» RECORDED DATA:
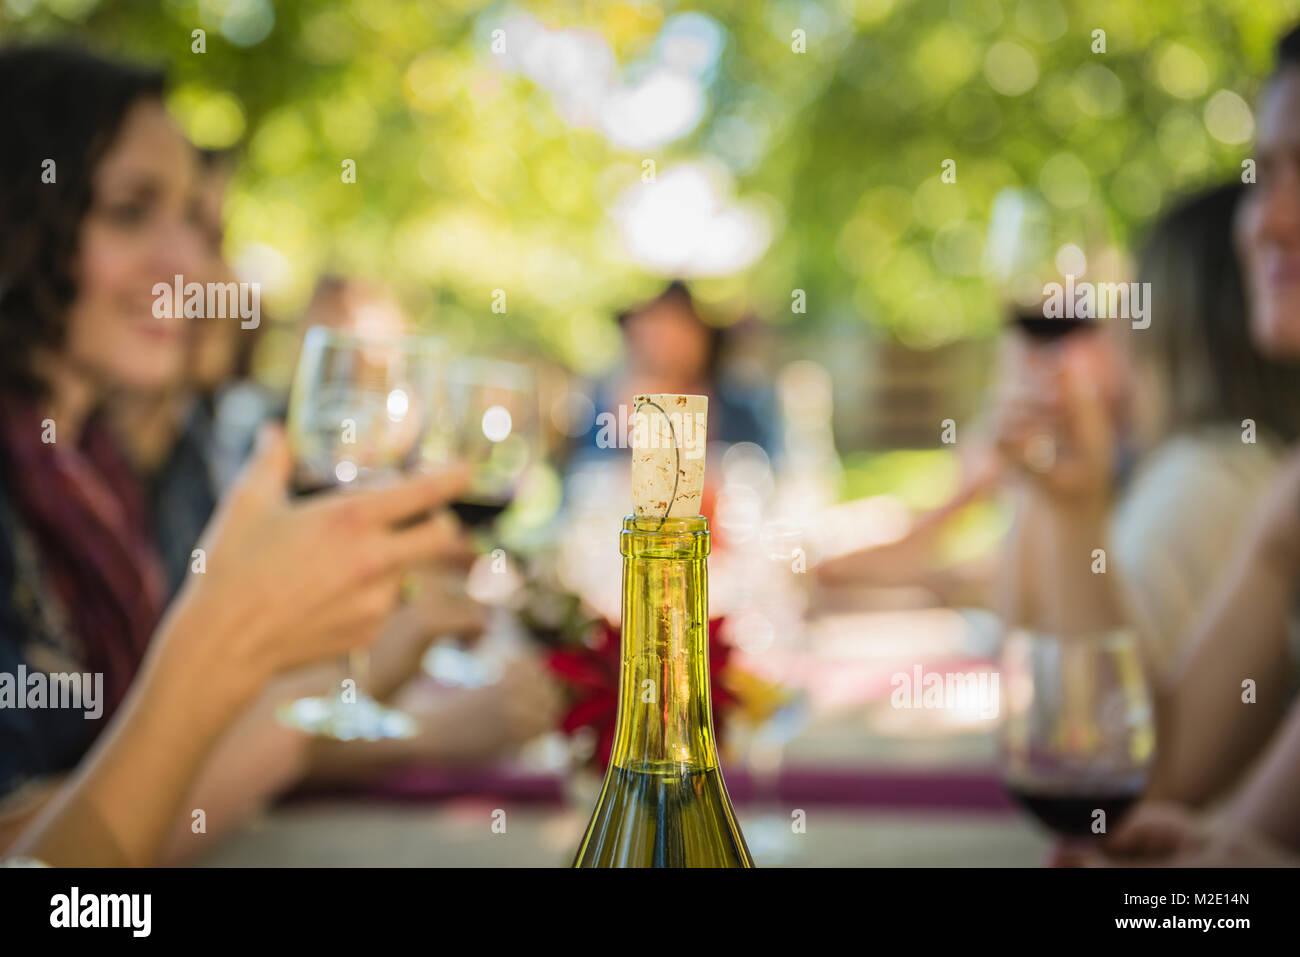 Cork in wine bottle near people drinking wine - Stock Image
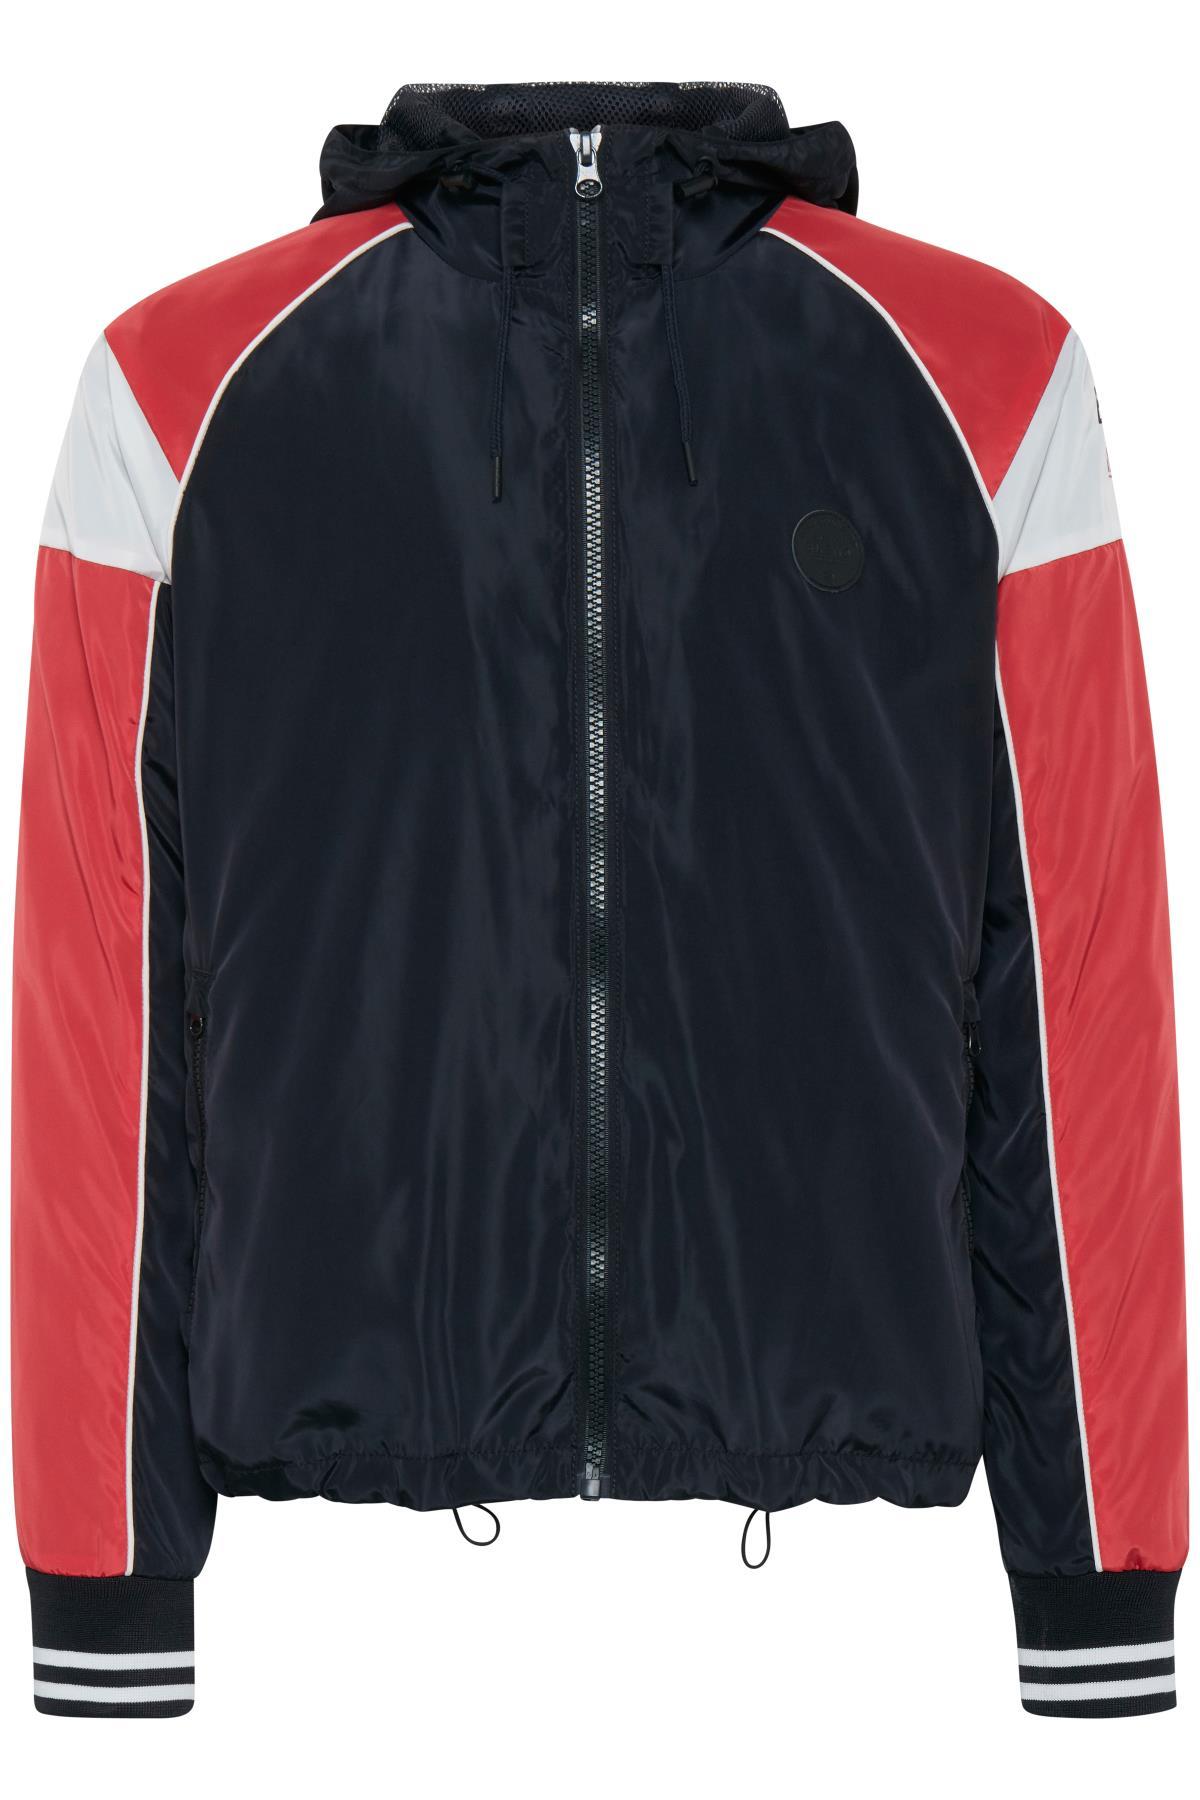 Dark Navy Blue Overtøj – Køb Dark Navy Blue Overtøj fra str. S-XL her
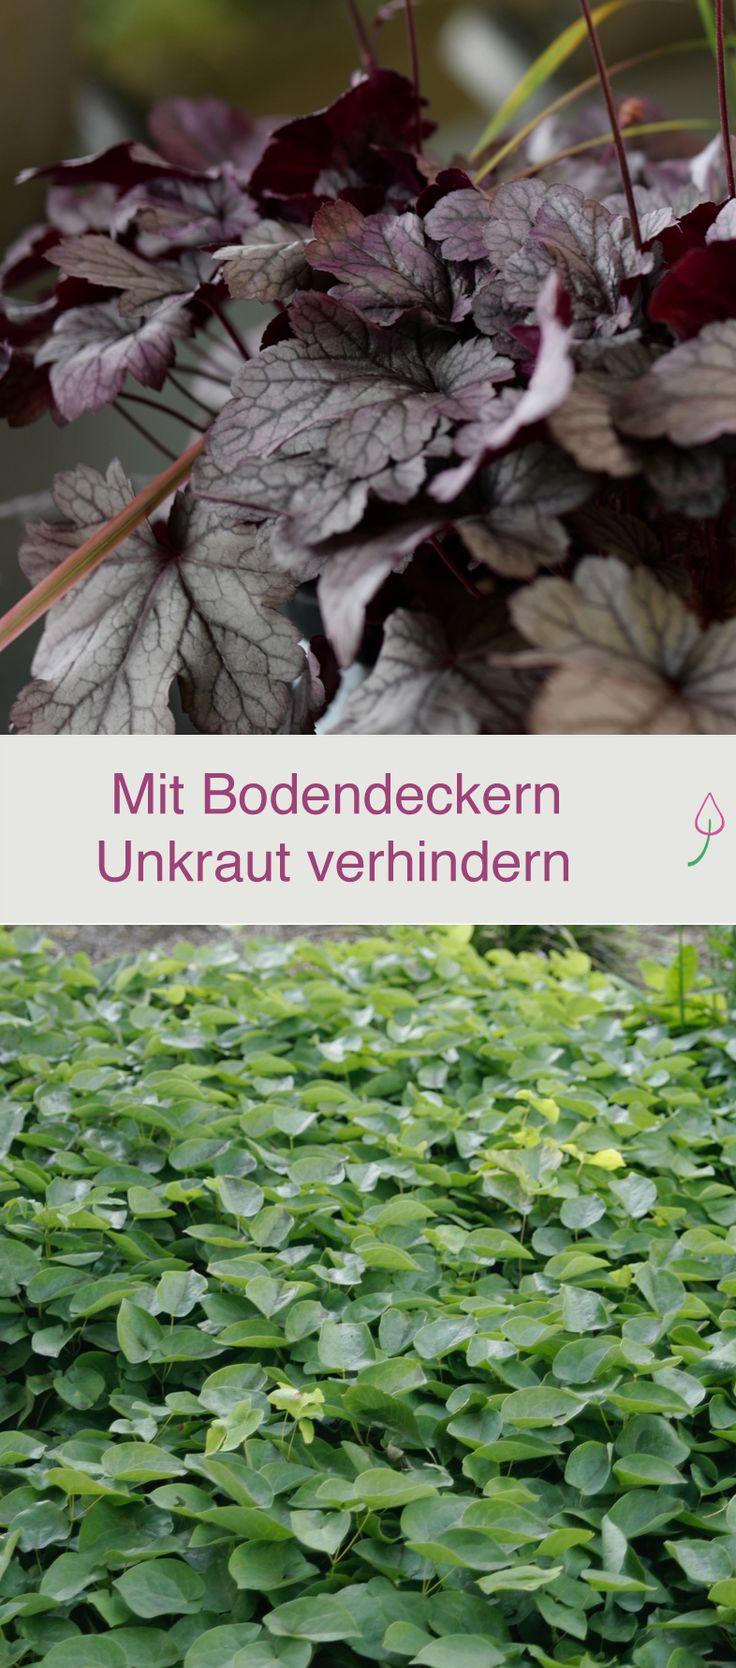 Bodendecker pflanzen statt Unkraut jäten. #Garten #garden #Pflanzen

» PROBLEM:
Return nothing except the lines from the one containing "Dark Navy Blue Overtøj –" through the final line of the data, copied exactly. Leave out all pictures.

» RESPONSE:
 Dark Navy Blue Overtøj – Køb Dark Navy Blue Overtøj fra str. S-XL her
 Bodendecker pflanzen statt Unkraut jäten. #Garten #garden #Pflanzen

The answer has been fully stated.